Performance of photocatalytic reactors using immobilized TiO 2 film for the degradation of phenol and methylene blue dye present in water stream

Abstract

TiO 2 thin film photocatalyst was successfully synthesized and immobilized on glass reactor tube using sol–gel method. The synthesized TiO 2 coating was transparent, which enabled the penetration of ultra-violet (UV) light to the catalyst surface. Two photocatalytic reactors with different operating modes were tested: (a) tubular photocatalytic reactor with re-circulation mode and (b) batch photocatalytic reactor. A new proposed TiO 2 synthesized film formulation of 1 titanium isopropoxide: 8 isopropanol: 3 acetyl acetone: 1.1 H 2O: 0.05 acetic acid (in molar ratio) gave excellent photocatalytic activity for degradation of phenol and methylene blue dye present in the water.
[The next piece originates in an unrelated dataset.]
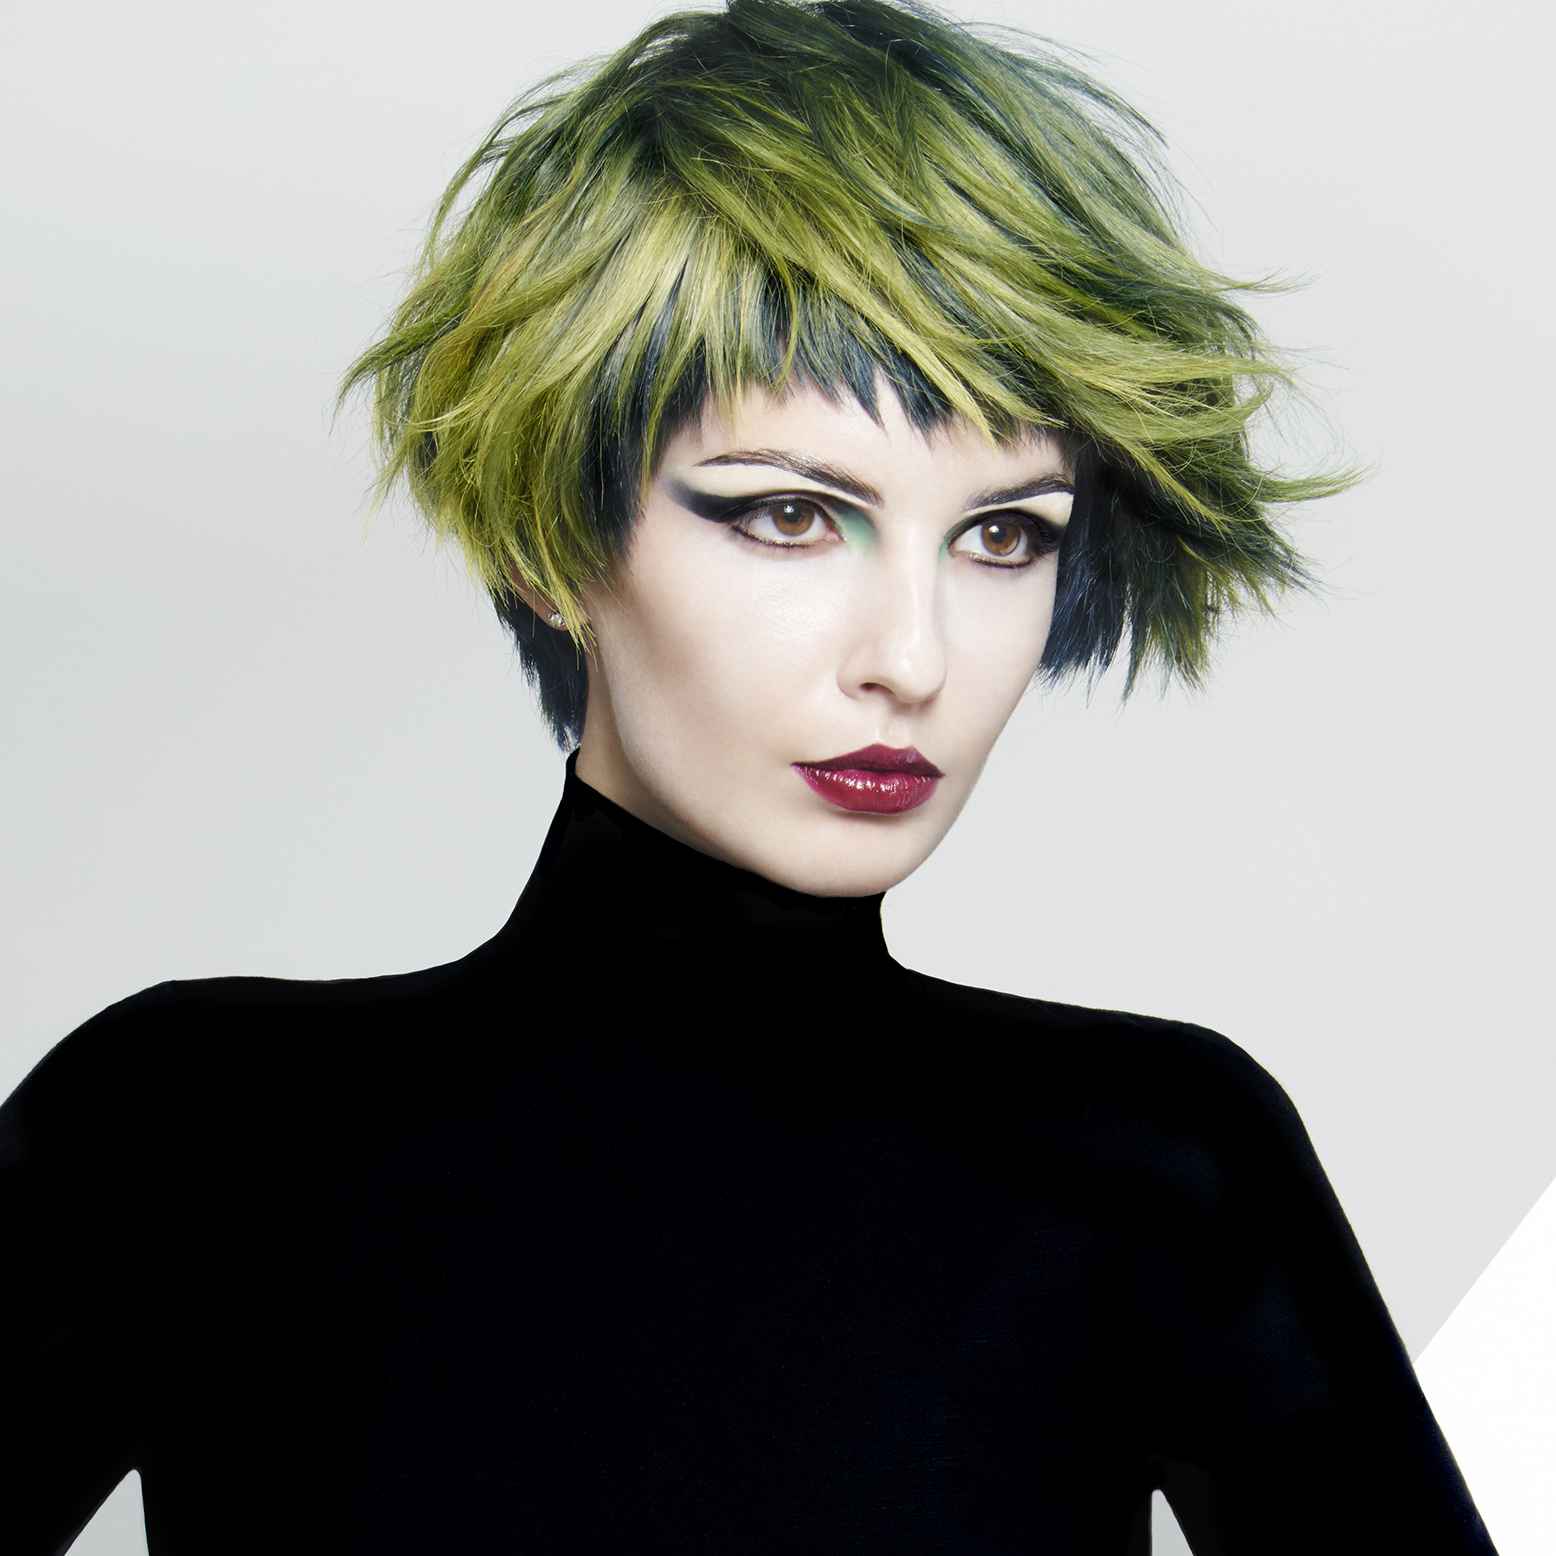 Green hair 2.jpg

The half-life time, t 1/2 of photocatalytic degradation of phenol was 56 min at the initial phenol concentration of 1000 μM in the batch reactor. In the tubular photocatalytic reactor, 5 re-circulation passes with residence time of 2.2 min (single pass) degraded 50% of 40-μM methylene blue dye. Initial phenol concentration, presence of hydrogen peroxide, presence of air bubbling and stirring speed as the process variables were studied in the batch reactor. Initial methylene blue concentration, pH value, light intensity and reaction temperature were studied as the process variables in the tubular reactor. The synthesized TiO 2 thin film was characterized using SEM, XRD and EDX analysis. A comparative performance between the synthesized TiO 2 thin film and commercial TiO 2 particles (99% anatase) was evaluated under the same experimental conditions. The TiO 2 film was equally active as the TiO 2 powder catalyst.